*** Opening of Dataset entries ***

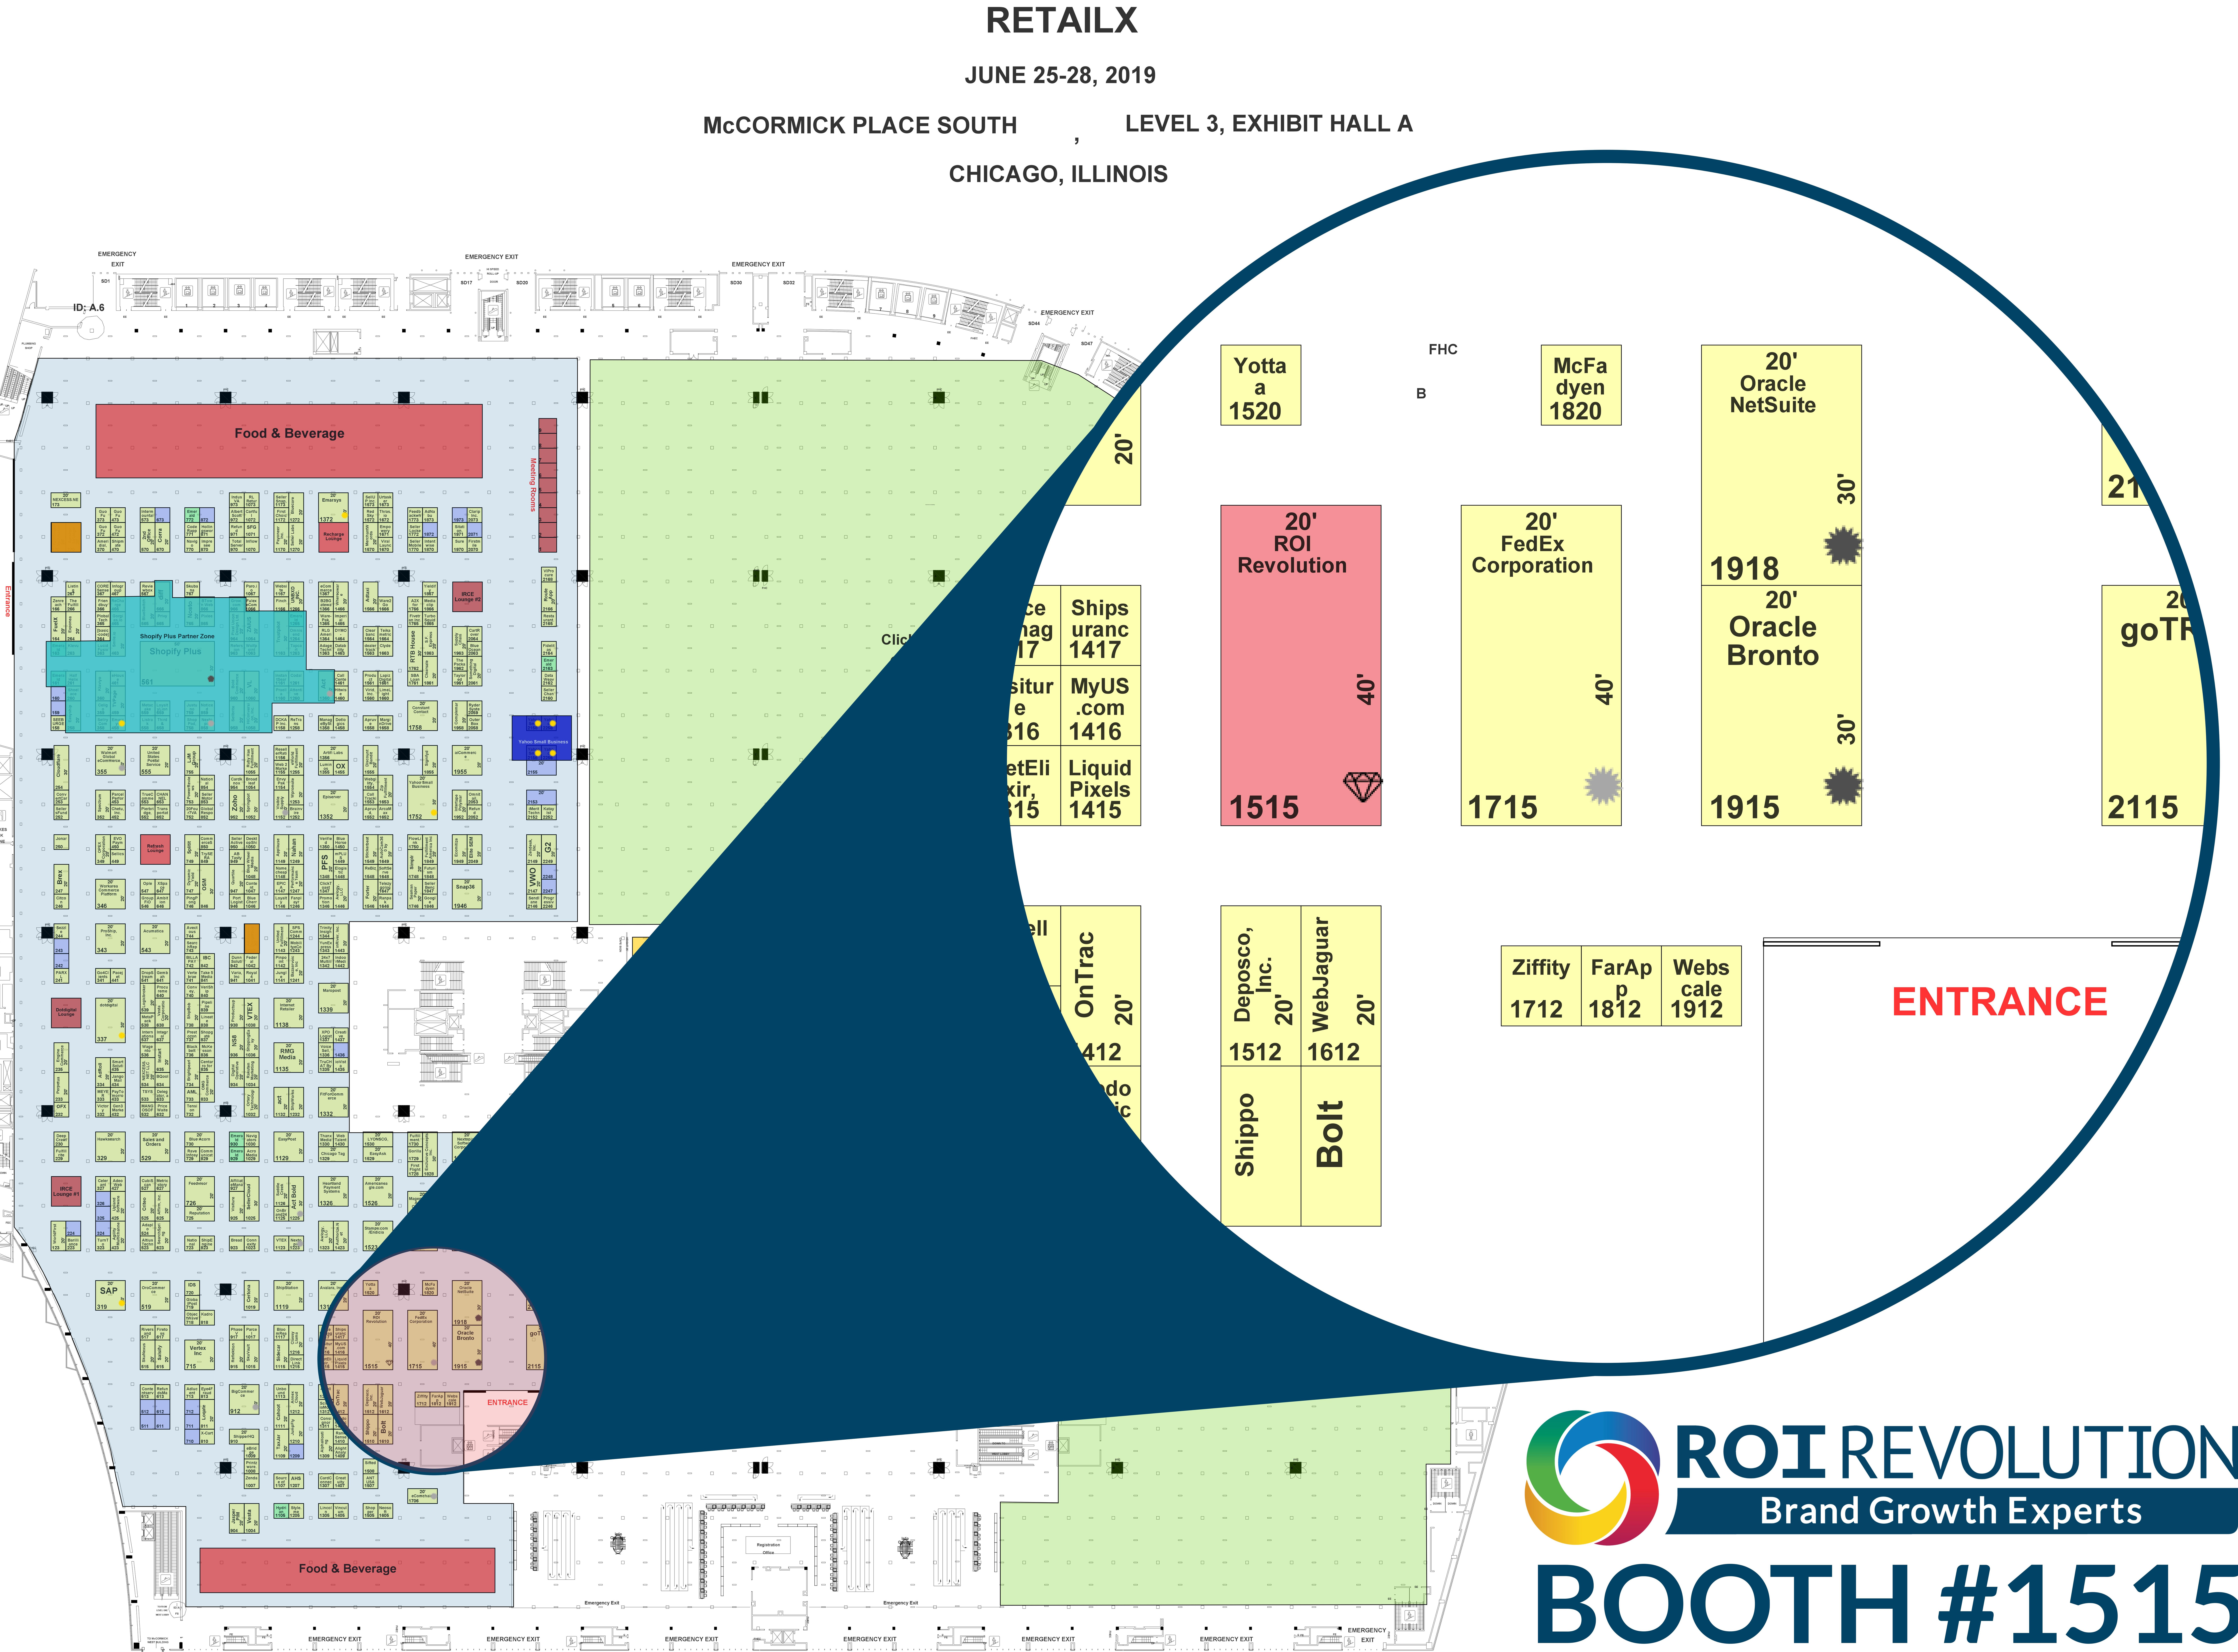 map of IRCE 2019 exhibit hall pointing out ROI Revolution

*** Close of Dataset entries ***
*** Opening of Dataset entries ***

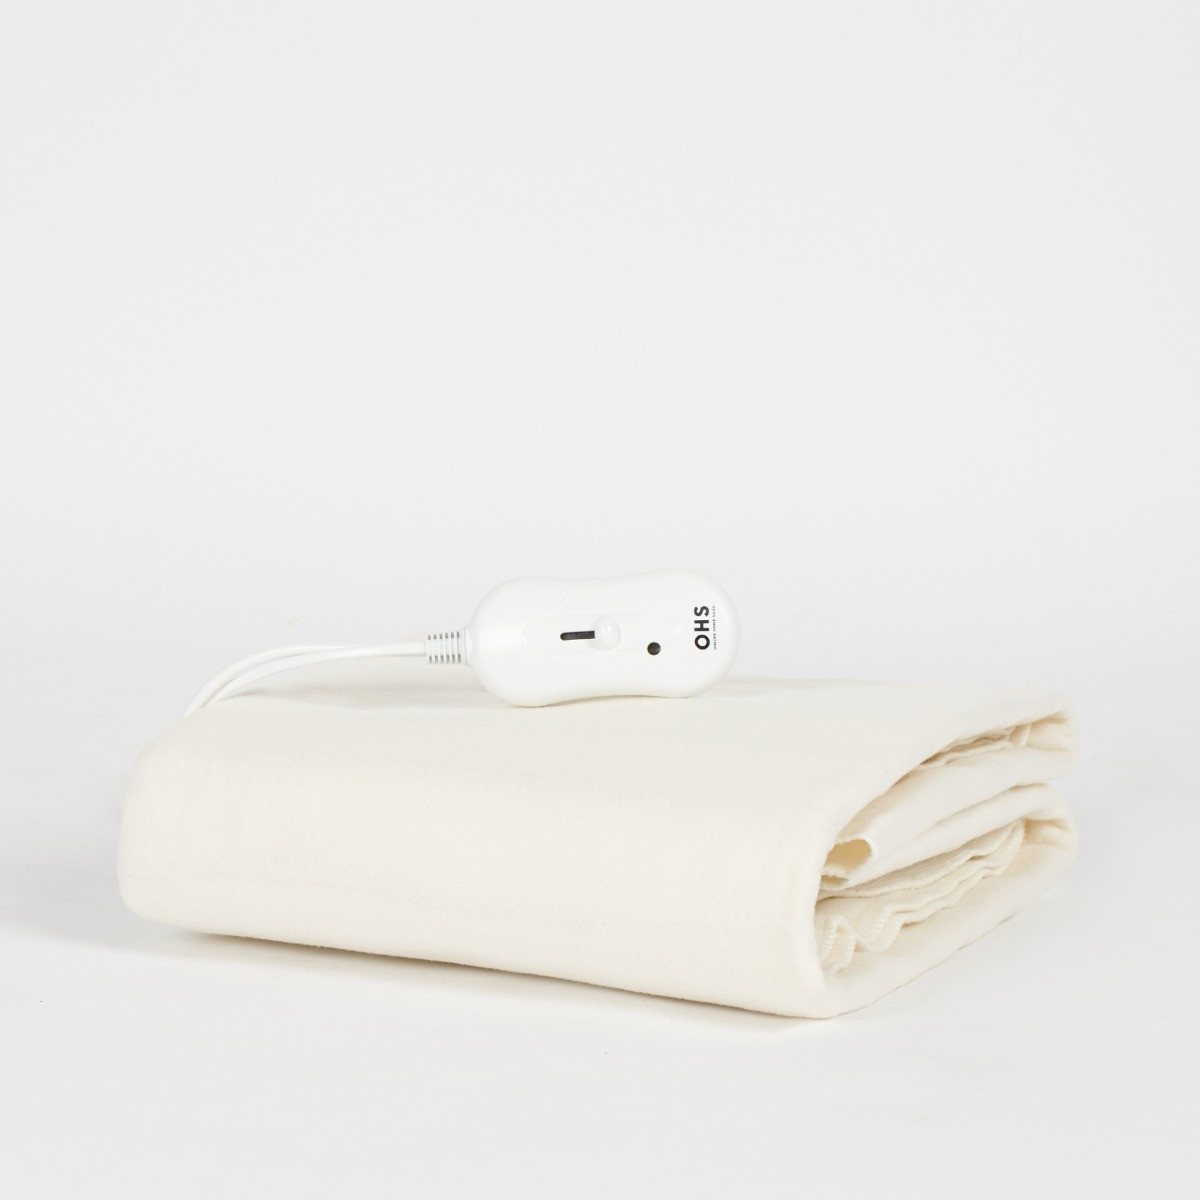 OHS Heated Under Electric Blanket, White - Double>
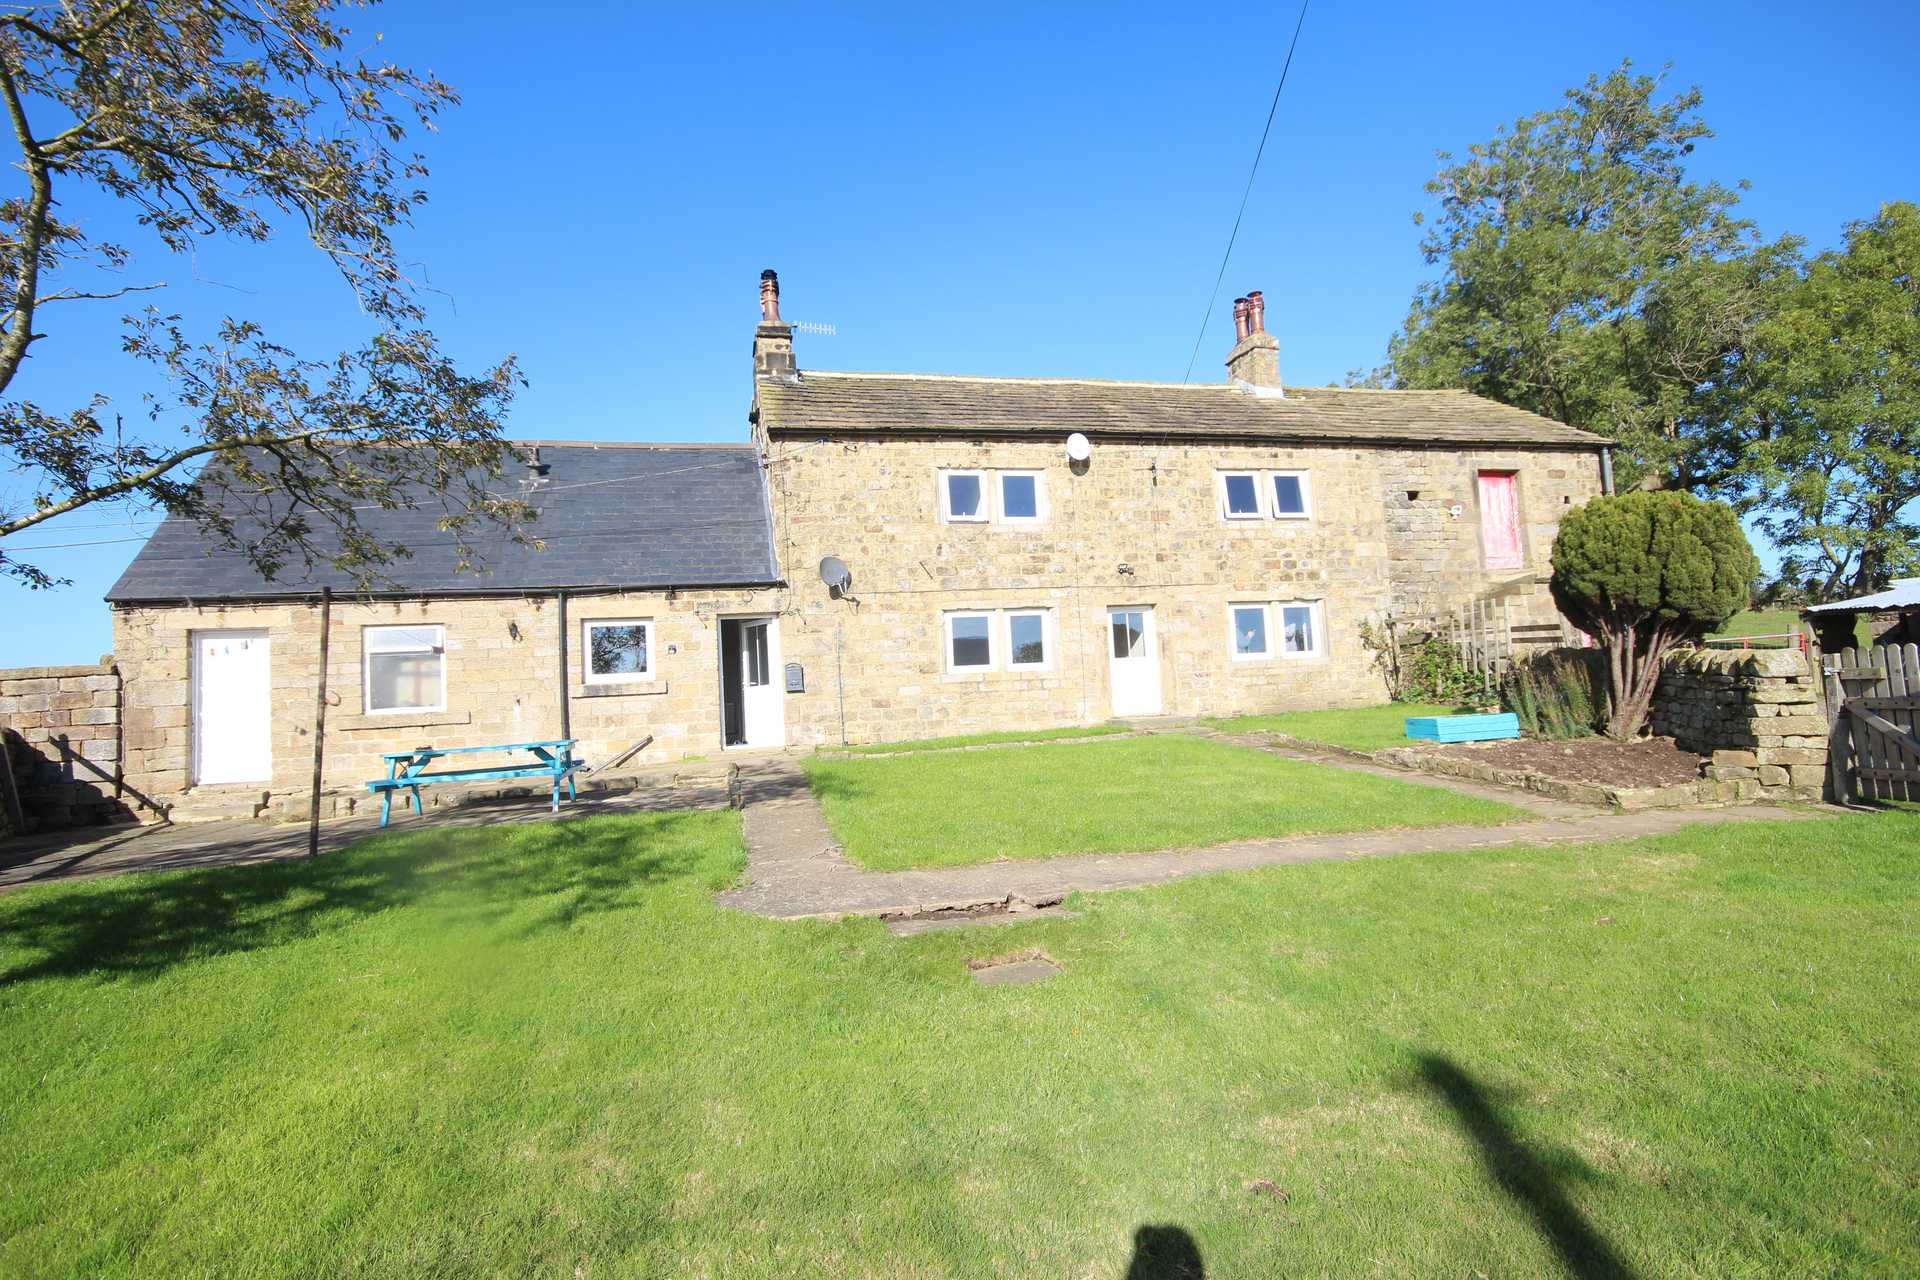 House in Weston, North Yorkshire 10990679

*** Close of Dataset entries ***

> _Exercise prompt_
The expected output is the lines above from the one containing "OHS Heated Under" to the one containing "House in Weston, North Yorkshire 10990679", both ends included, reproduced exactly with every picture left out.

> _Expected answer_
 OHS Heated Under Electric Blanket, White - Double>
 House in Weston, North Yorkshire 10990679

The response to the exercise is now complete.